Point of Sale Analytics
Analysis of the Point of Sale data enables retailers better analyze what is selling, when is it selling and where is it selling. Having access to this kind of information not only help retailers track their performance but also better forecast sales. For example if you knew in real time the impact of markdowns on black friday in the west coast you have three additional hours to fine tune your strategy for the east coast. While this sounds utopian, today’s new age tools can enable such analysis.

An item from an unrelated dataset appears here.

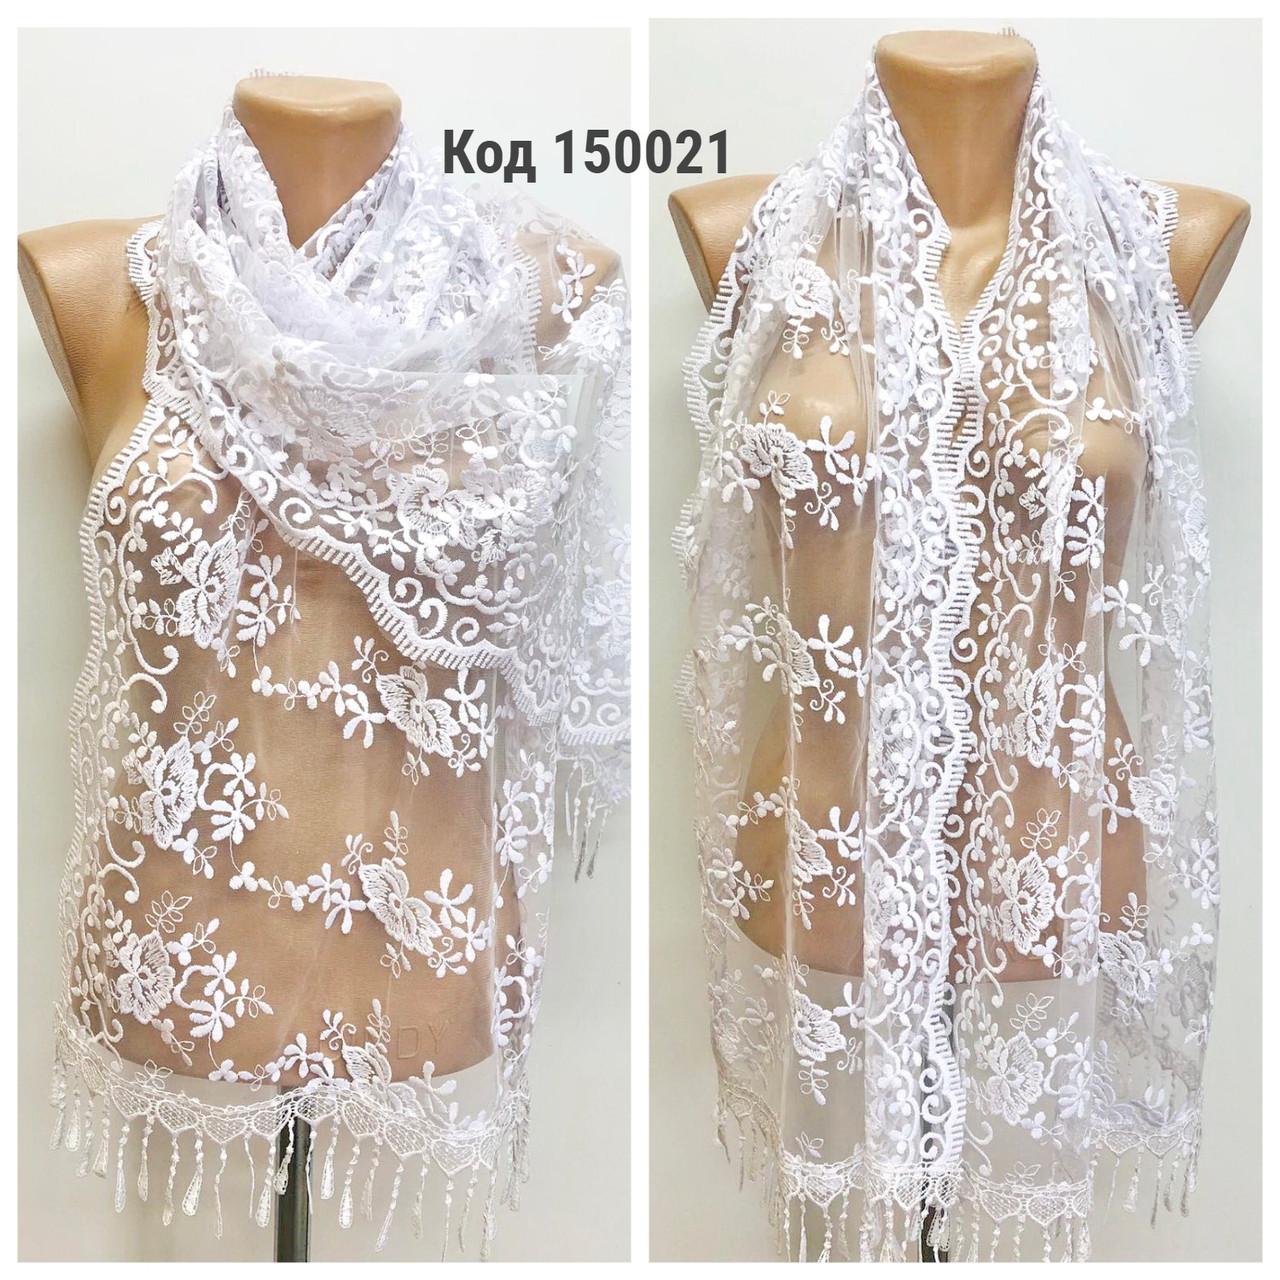 Шарф белый ажурный фатиновый свадебный церковный 150021

At one of the largest retailers, their merchandisers and buyers used to rely on traditional databases which provided them with daily and weekly reports. Which meant by time they got the information it was too late for them to react. They wanted to move away from their traditional data warehouse to a more real time analytical database which not only gave them live information but also enabled adhoc queries in seconds.
For Merchandisers
  • With all data available in real-time, merchandisers can be more proactive in managing their business
  • Real-time access to data also allow merchandisers to test hypotheses and take corrective actions in timely manner
  • Merchandisers can observe trends before period closing and make strategic decisions armed with real data
For IT Department
  • With Sigmoid’s solution the IT staff can spend less time in data movement since the solution is Hadoop native
  • Since there is no cubing or pre-aggregation, the team need not spend time in creating cubes, aggregates, tables and data joins
  • Since the solution is completely scale-out the IT team can just add cores as the data volume increases
For Analytics Team
  • All data and critical KPIs can be analysed within seconds based on real-time information instead of waiting for days to prepare reports
  • Analysts can drill down to any SKU or store level in seconds for granular anlaysis and observe trends over time
  • Since all the data is available, analysts have the flexibility to build their own reports without relying on other teams.